Sure enough, on their two node test fixture (I don’t know why they even bothered with the one node fixture since that really isn’t a “distributed” system in my mind) , the Schmidt et al measurements indicate that the latency/jitter performance of the decentralized and centralized architectures exceed that of the federated architecture. The performance difference that they measured was on the order of 2X.
3 Qualitative Comparisons
In all distributed systems, both DRE and Client-Server types, achieving high operational availability is a huge challenge. Hell, when the system goes bust, fuggedaboud the timeliness of the data, no freakin’ work can get done and panic can and usually does set in. D’oh!
With that scary aspect in mind, let’s look at each of the three architectures in terms of their ability to withstand faults.
3.1 Decentralized Architecture Availability
In a decentralized architecture, there are no invasive daemons that “leak” into the application plane so we can’t talk about daemon crashes. Thus, right off the bat we can “arguably” say that a decentralized architecture is more resistant to faults than the federated or centralized architectures.
As the picture below shows, when a user application layer process dies, the others can continue to communicate with each other. Depending on what the specific application is required to do during operation, at least some work may be able to still get accomplished even though one or more app components go kaput.
3.2 Federated Architecture Availability
In a federated architecture, when a daemon process dies, a whole node and all the subscriber application user processes running on it are severed from communicating with the user processes running on the other nodes (see the sketch below) in the system. Thus, the federated architecture is “arguably” less fault tolerant than the decentralized and (as we’ll see) centralized architectures. However, through judicious “allocation” of user processes to nodes (the fewer the better – which sort of defeats the purpose of choosing a federation for per node intra-communication performance optimization), some work still may be able to get accomplished when a node’s daemon crashes.
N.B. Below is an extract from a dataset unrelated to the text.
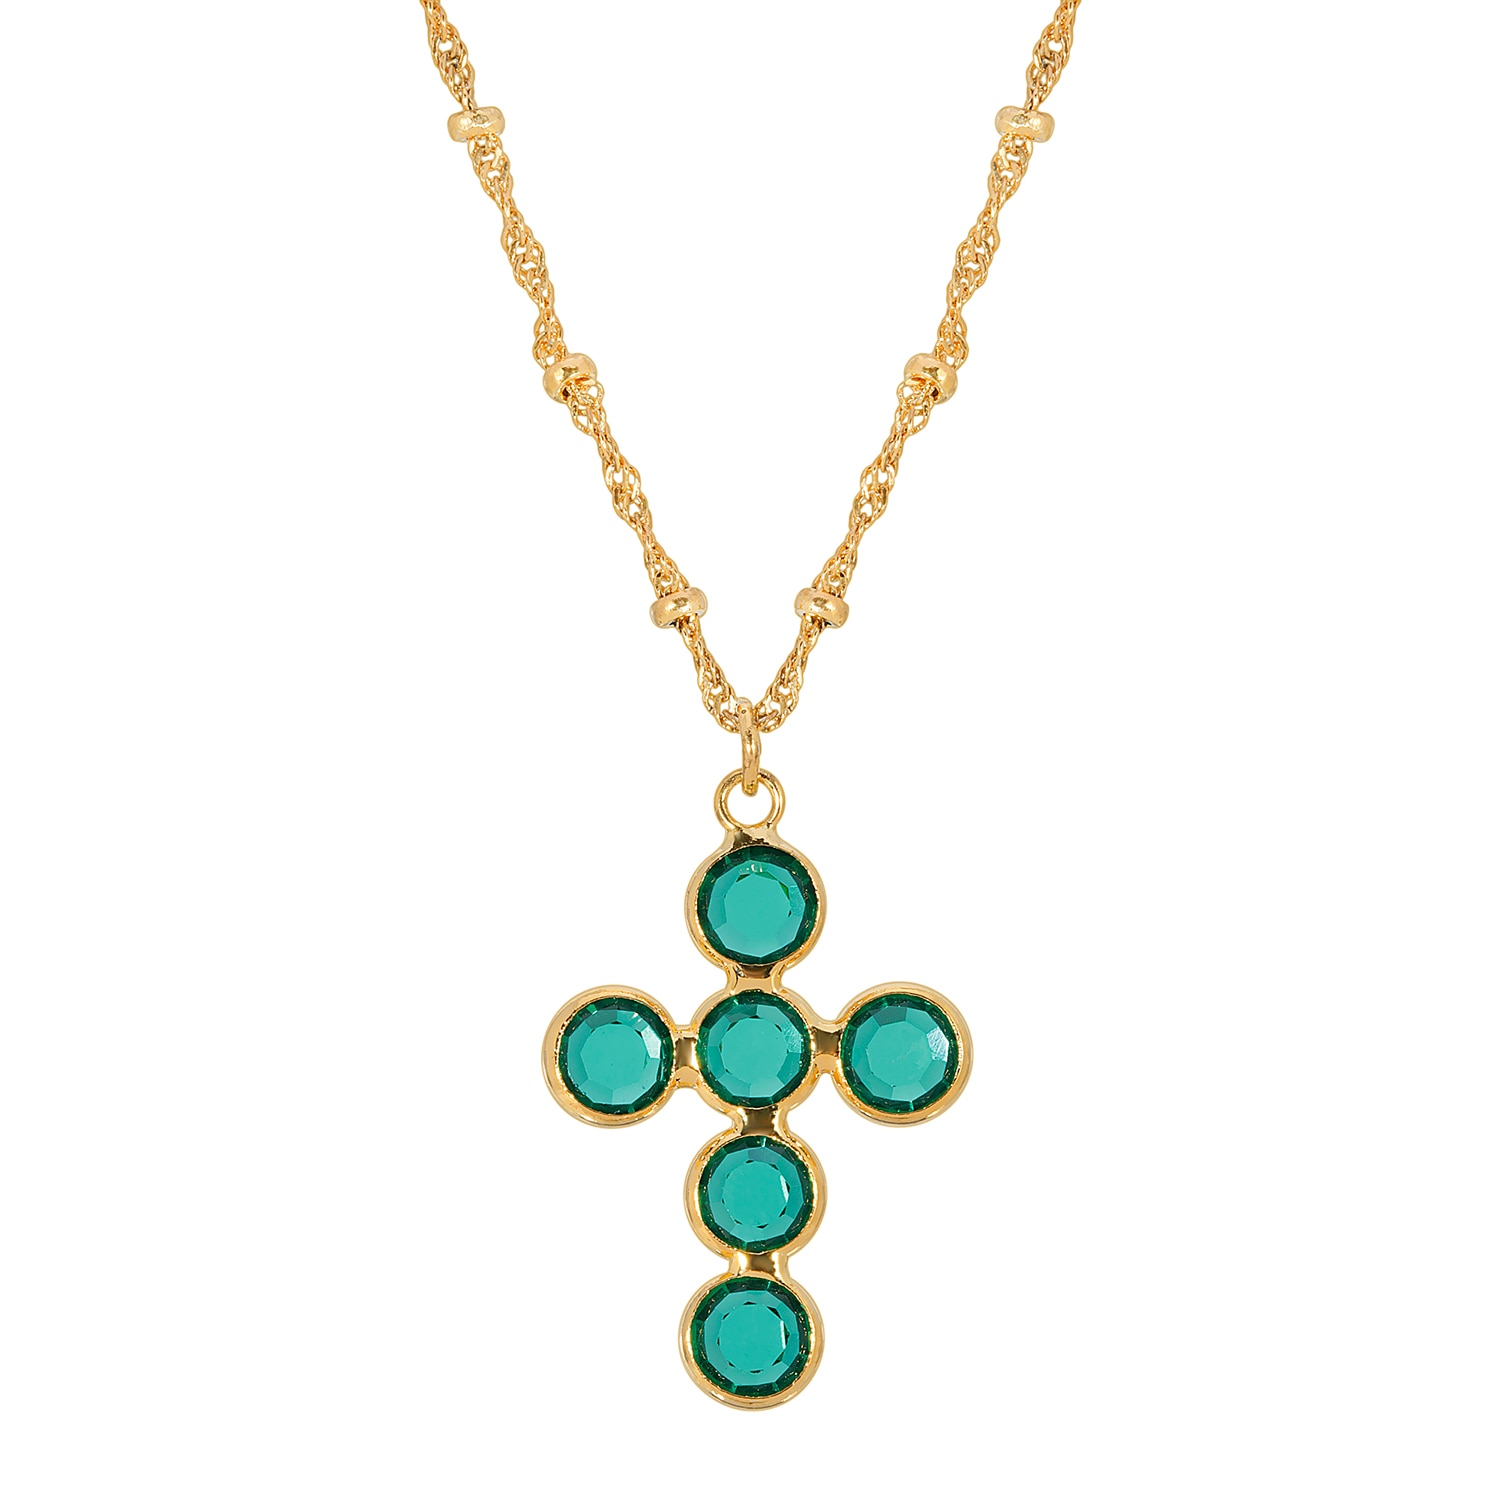 1928 Symbols of Faith Austrian crystal cross necklace 16-19 inch adjustable chain
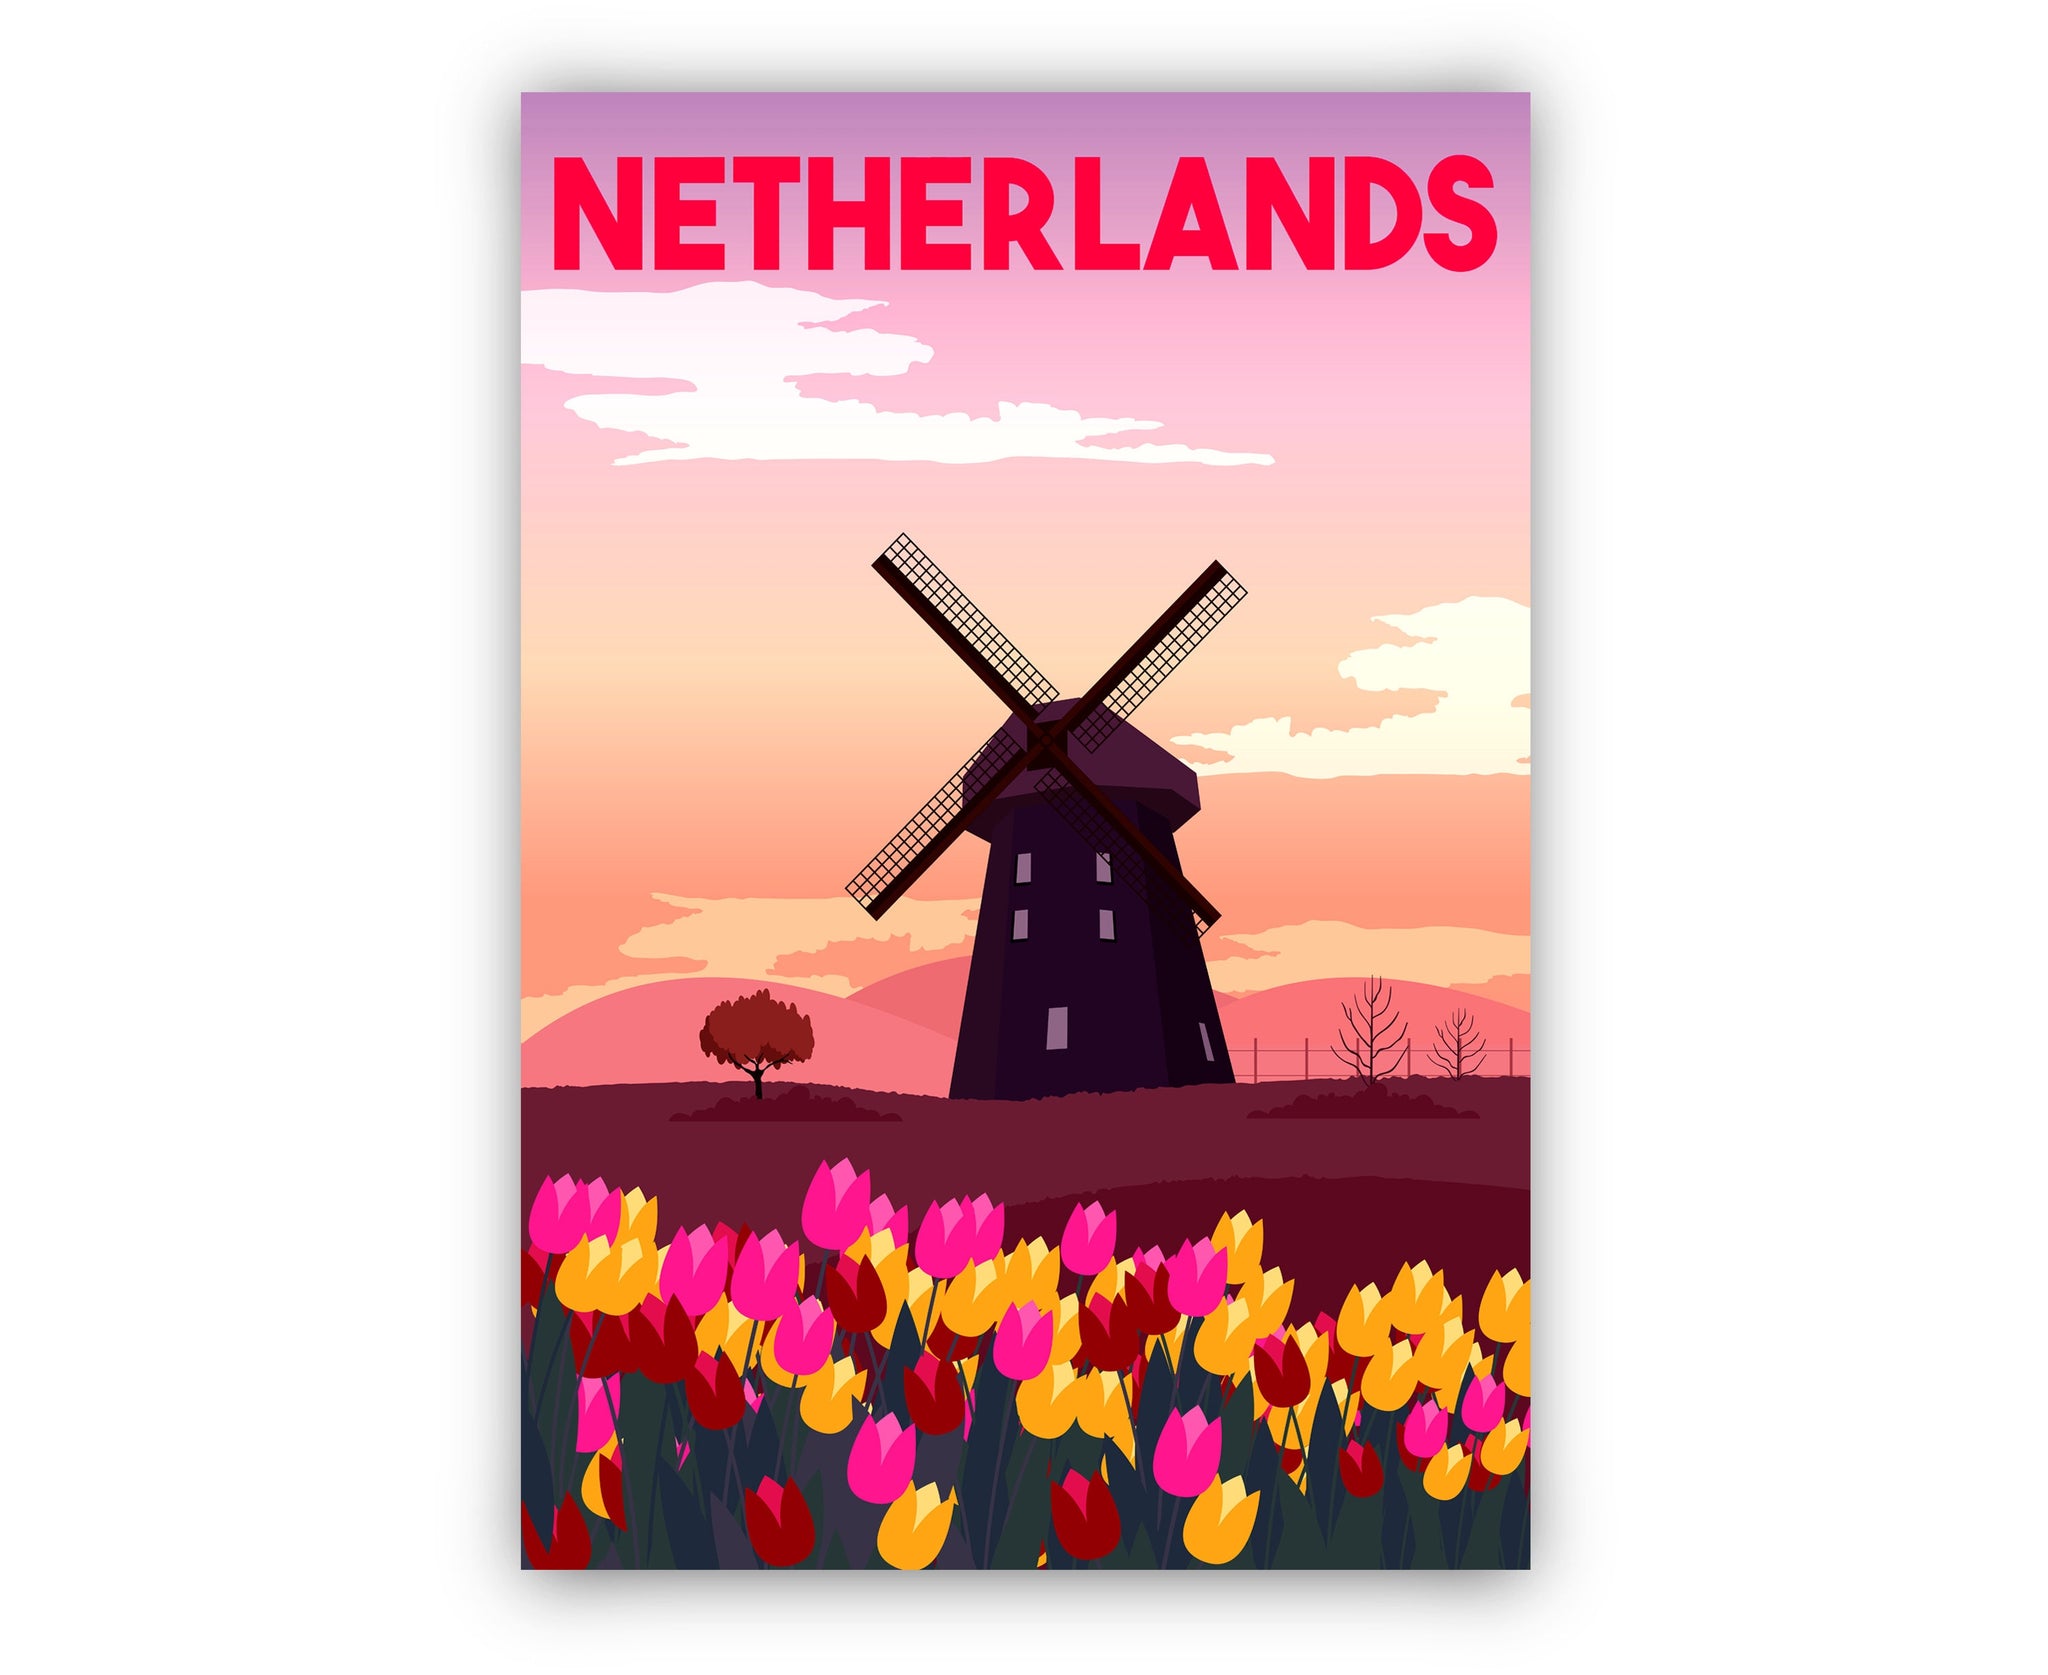 NETHERLANDS RETRO TRAVEL poster, Netherlands Cityscape and Landmark poster art, Home wall art, Office wall decoration, Housewarming gift

If the node daemons stay viable but a user application dies, then the behavior of a federated architecture, DDS-based system is the same as that of a decentralized architecture
3.3 Centralized Architecture Availability
Finally, we come to the robustness of a centralized DDS architecture. As shown below, since the single daemon overlord in the system is not (or should not be) involved in inter-process application layer data communications, if it crashes, then the system can continue to do its full workload. When a user process crashes instead of, or in addition to, the daemon, then the system’s behavior is the same as a decentralized architecture.
4 BD00 Commentary
Because he works on data streaming DRE radar systems, Jimmy likes, I mean BD00 likes, the DDS pub-sub architectural style over broker-based, distributed communication technologies like C/S CORBA and JMS queues. It should be obvious that the latter technologies are not a good match for high availability and low latency DRE applications. Thus, trying to jam fit a new DRE application into a CORBA or JMS communication platform “just because we have one” is a dumb-ass thing to do and is sure to lead to high downstream maintenance costs and a quicker route to archeosclerosis.
Within the DDS space, BD00 prefers the decentralized architecture over the federated and centralized styles because of the semi-objective conclusions arrived at and documented in this post.